Planet Skolelinux

April 23, 2014

Petter Reinholdtsen

Install hardware dependent packages using tasksel (Isenkram 0.7)

It would be nice if it was easier in Debian to get all the hardware related packages relevant for the computer installed automatically. So I implemented one, using my Isenkram package. To use it, install the tasksel and isenkram packages and run tasksel as user root. You should be presented with a new option, "Hardware specific packages (autodetected by isenkram)". When you select it, tasksel will install the packages isenkram claim is fit for the current hardware, hot pluggable or not.

The implementation is in two files, one is the tasksel menu entry description, and the other is the script used to extract the list of packages to install. The first part is in /usr/share/tasksel/descs/isenkram.desc and look like this:

Task: isenkram
Section: hardware
Description: Hardware specific packages (autodetected by isenkram)
 Based on the detected hardware various hardware specific packages are
 proposed.
Test-new-install: mark show
Relevance: 8
Packages: for-current-hardware

The second part is in /usr/lib/tasksel/packages/for-current-hardware and look like this:

#!/bin/sh
#
(
    isenkram-lookup
    isenkram-autoinstall-firmware -l
) | sort -u

All in all, a very short and simple implementation making it trivial to install the hardware dependent package we all may want to have installed on our machines. I've not been able to find a way to get tasksel to tell you exactly which packages it plan to install before doing the installation. So if you are curious or careful, check the output from the isenkram-* command line tools first.

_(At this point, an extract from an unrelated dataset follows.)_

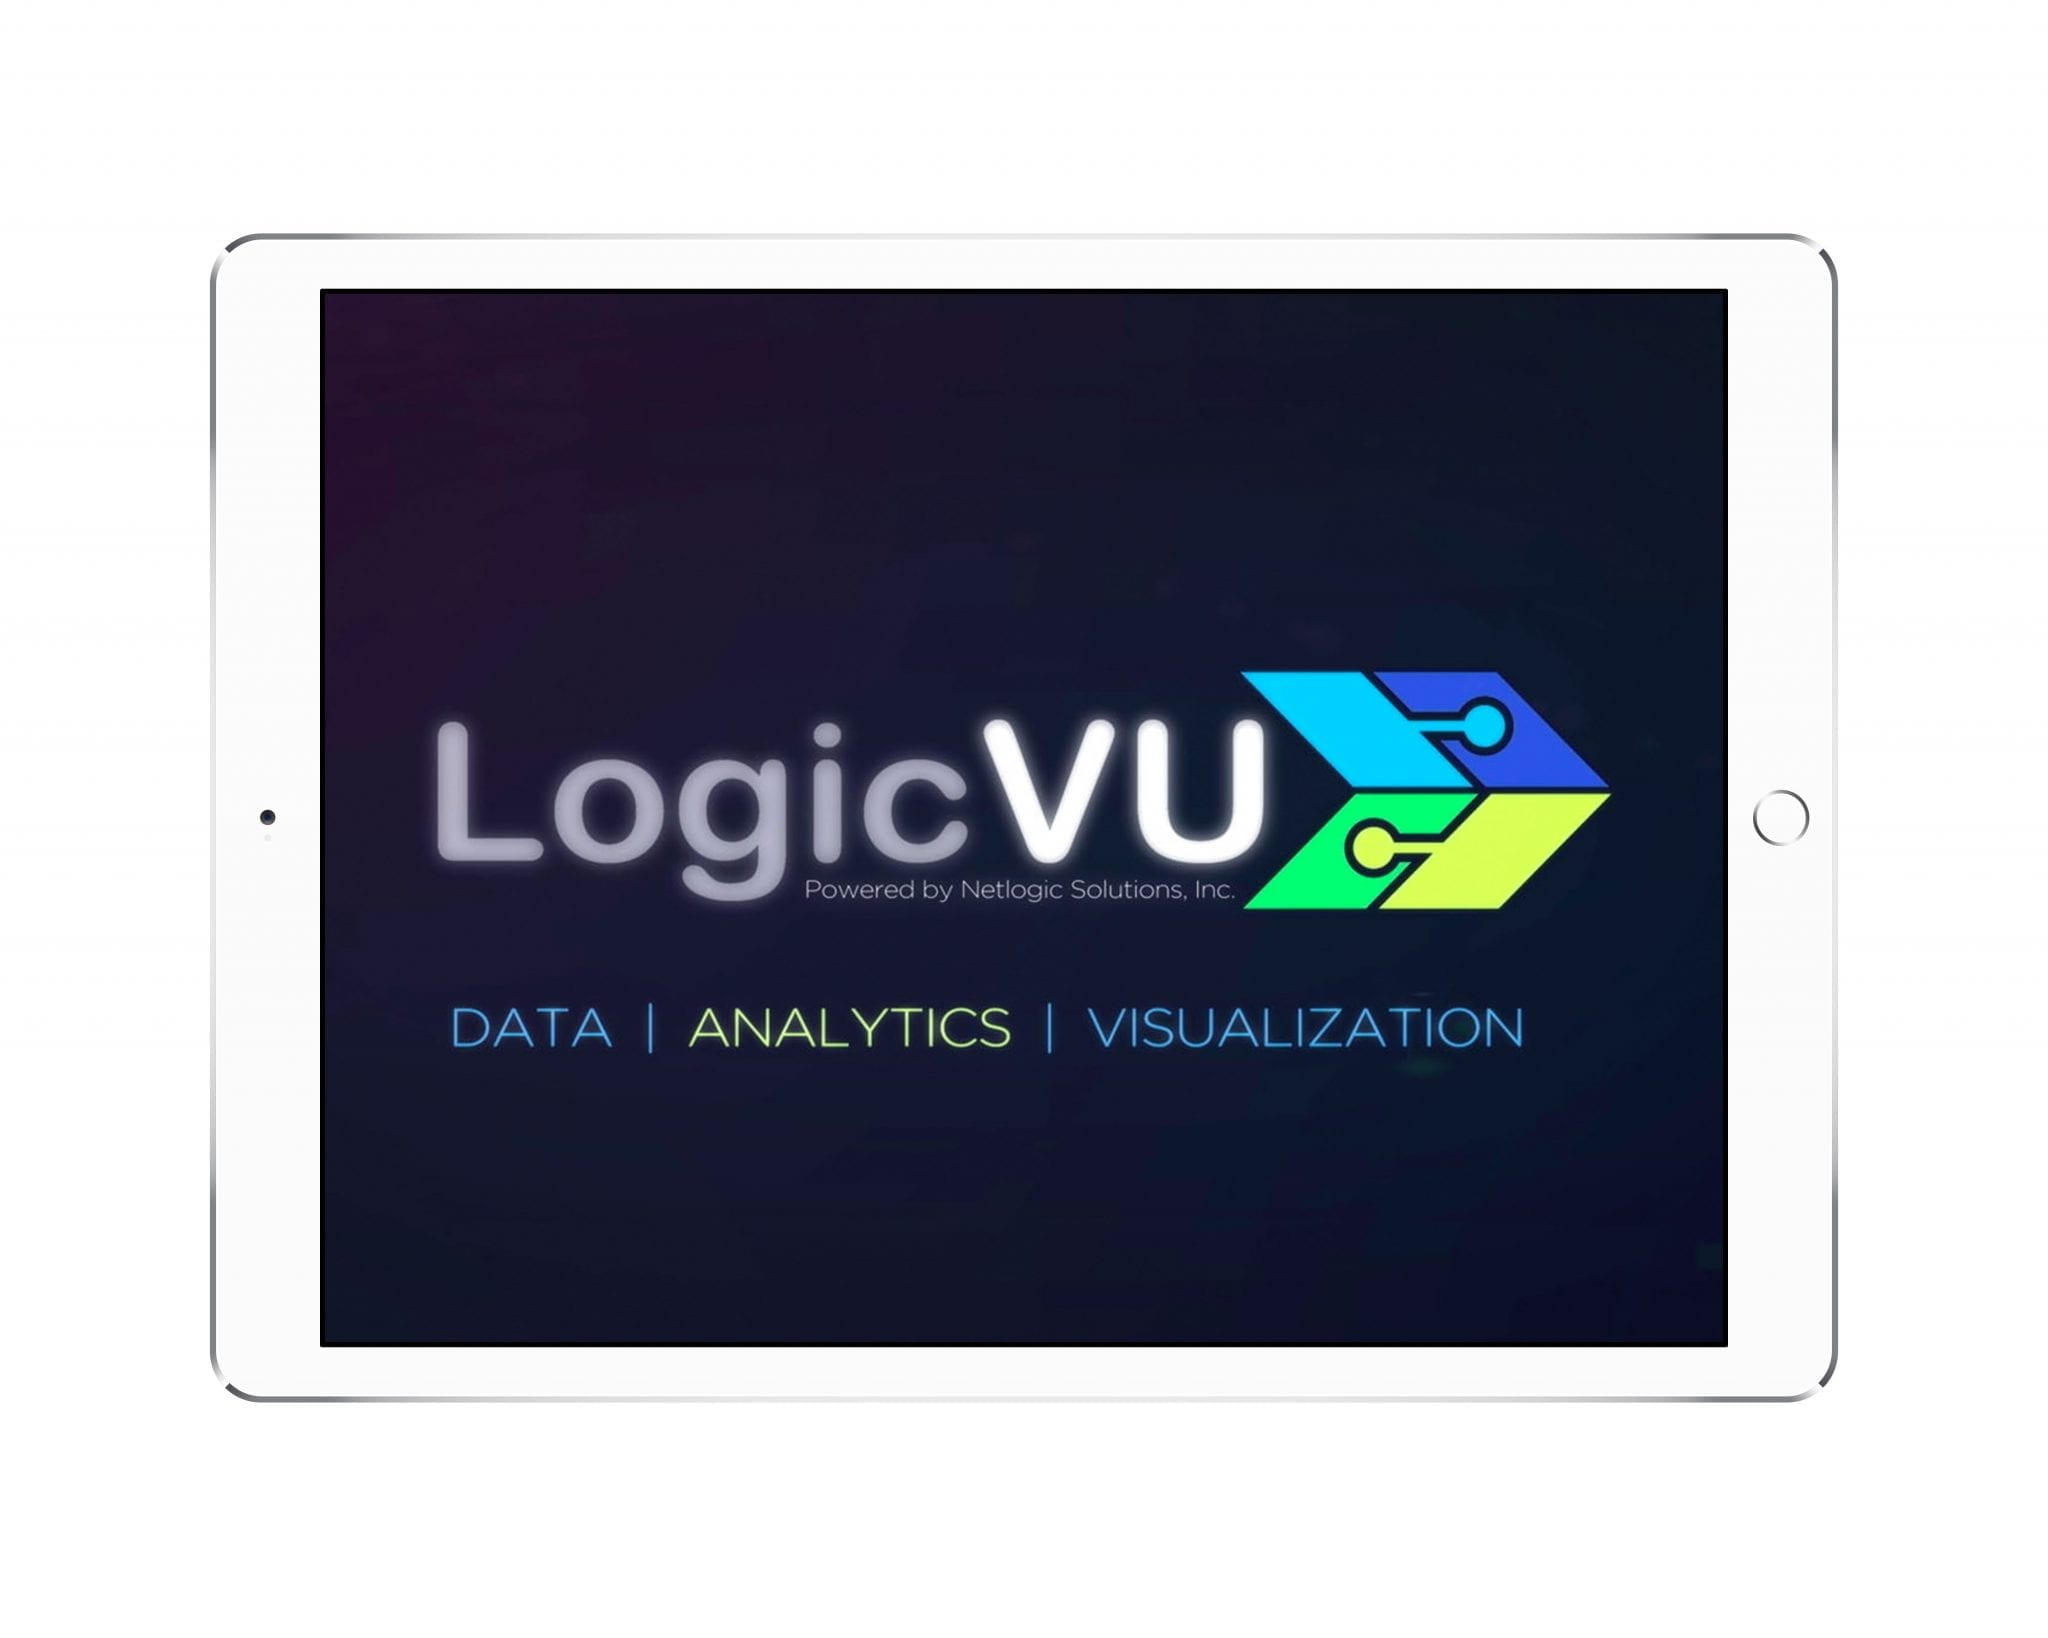 LogicVu BI Product Launch Video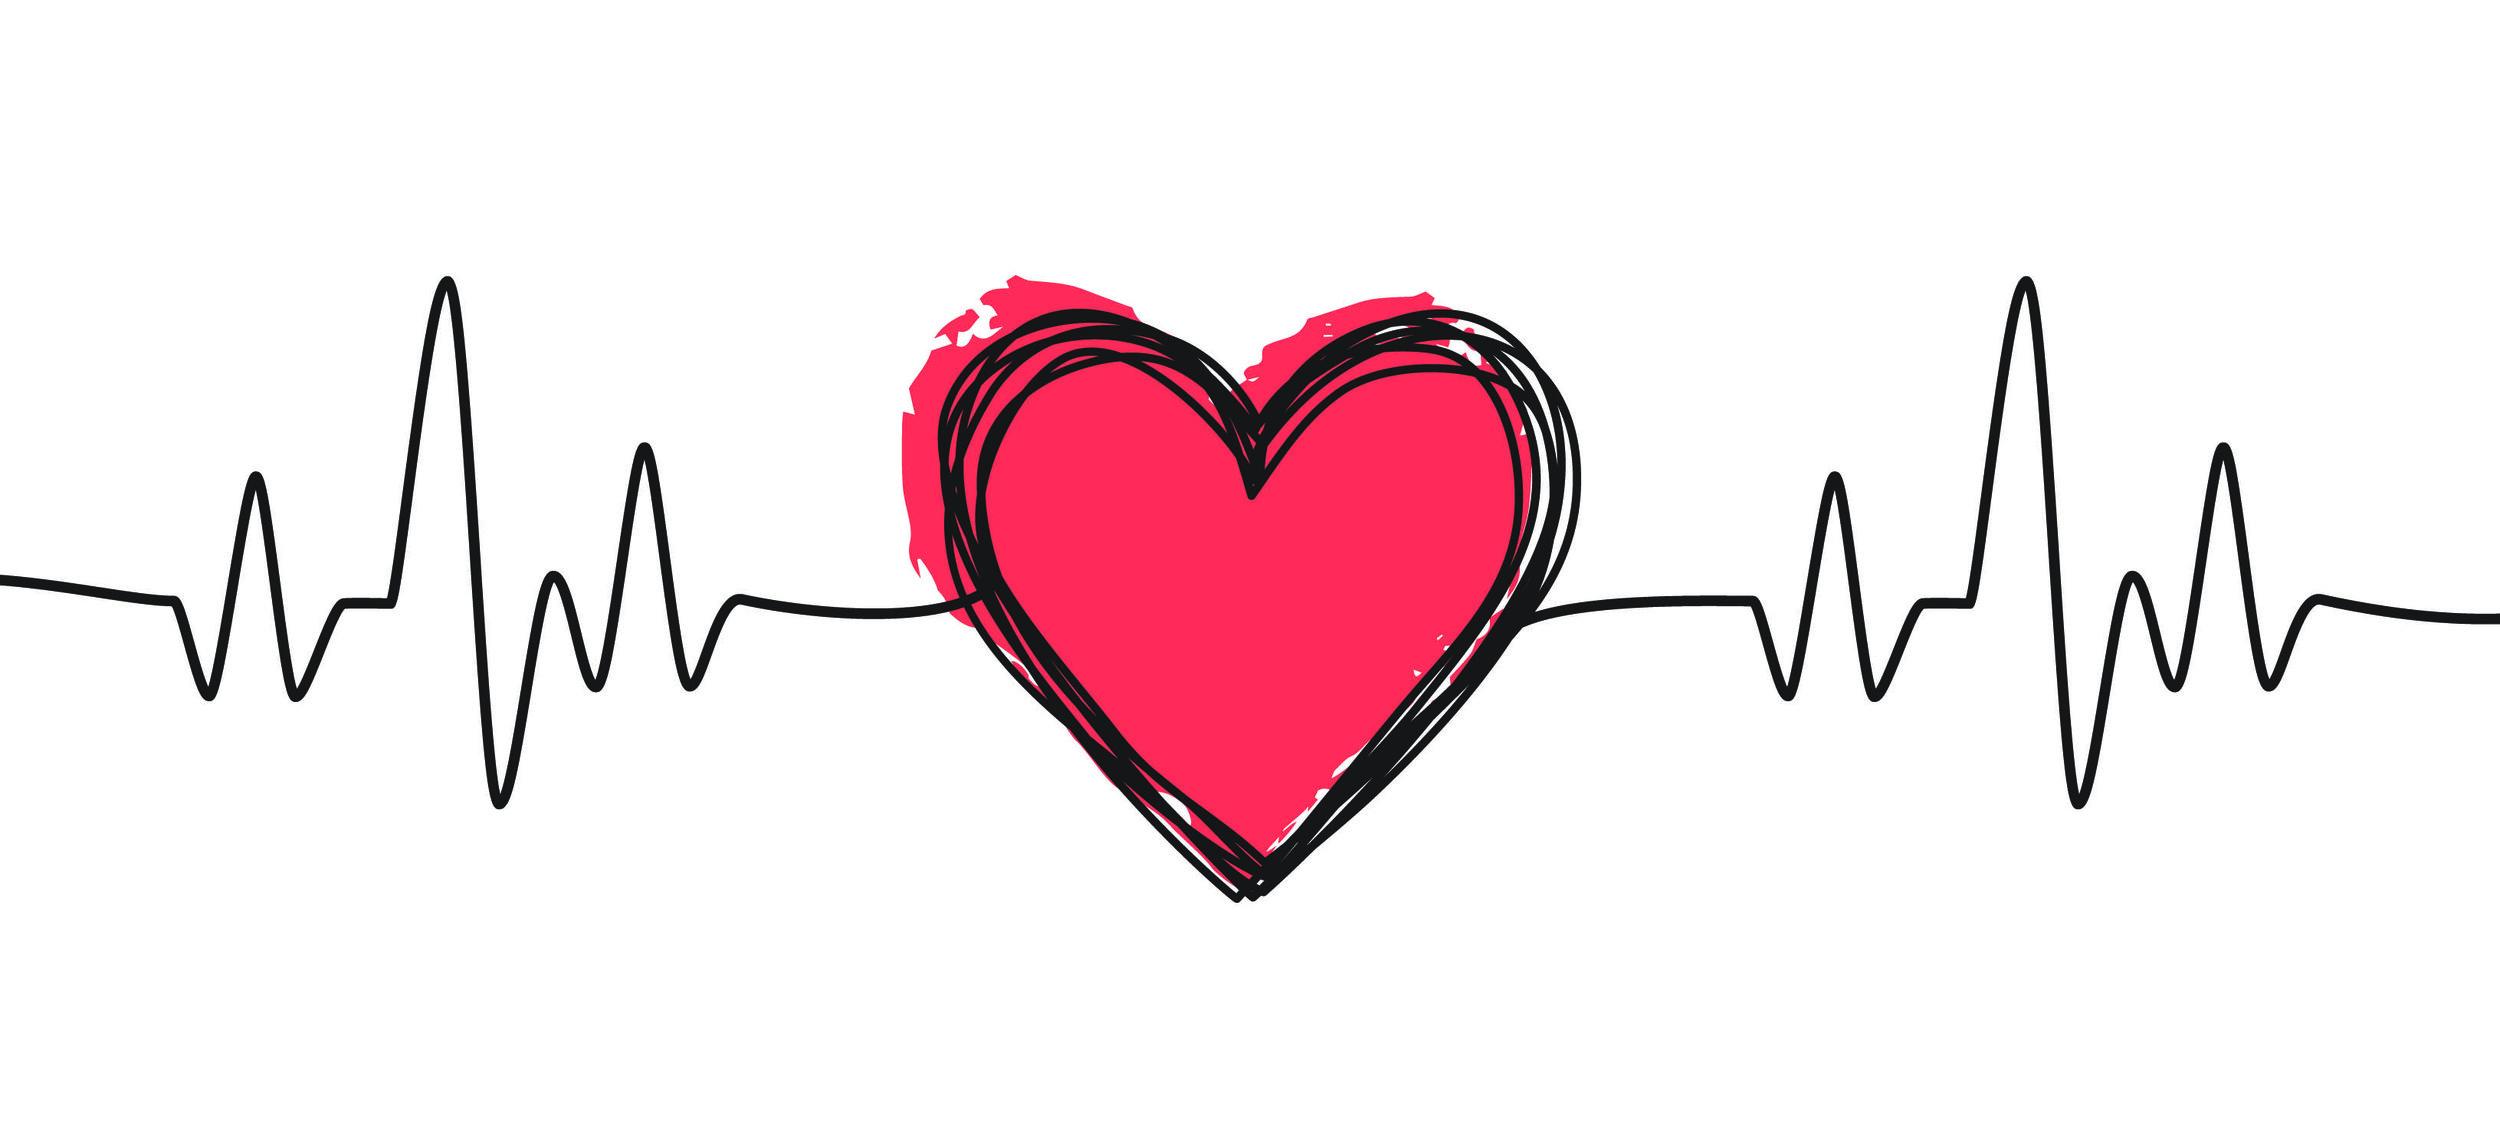 The Heart Heals

The information about which packages are handling which hardware is fetched either from the isenkram package itself in /usr/share/isenkram/, from git.debian.org or from the APT package database (using the Modaliases header). The APT package database parsing have caused a nasty resource leak in the isenkram daemon (bugs #719837 and #730704). The cause is in the python-apt code (bug #745487), but using a workaround I was able to get rid of the file descriptor leak and reduce the memory leak from ~30 MiB per hardware detection down to around 2 MiB per hardware detection. It should make the desktop daemon a lot more useful. The fix is in version 0.7 uploaded to unstable today.

I believe the current way of mapping hardware to packages in Isenkram is is a good draft, but in the future I expect isenkram to use the AppStream data source for this. A proposal for getting proper AppStream support into Debian is floating around as DEP-11, and GSoC project will take place this summer to improve the situation. I look forward to seeing the result, and welcome patches for isenkram to start using the information when it is ready.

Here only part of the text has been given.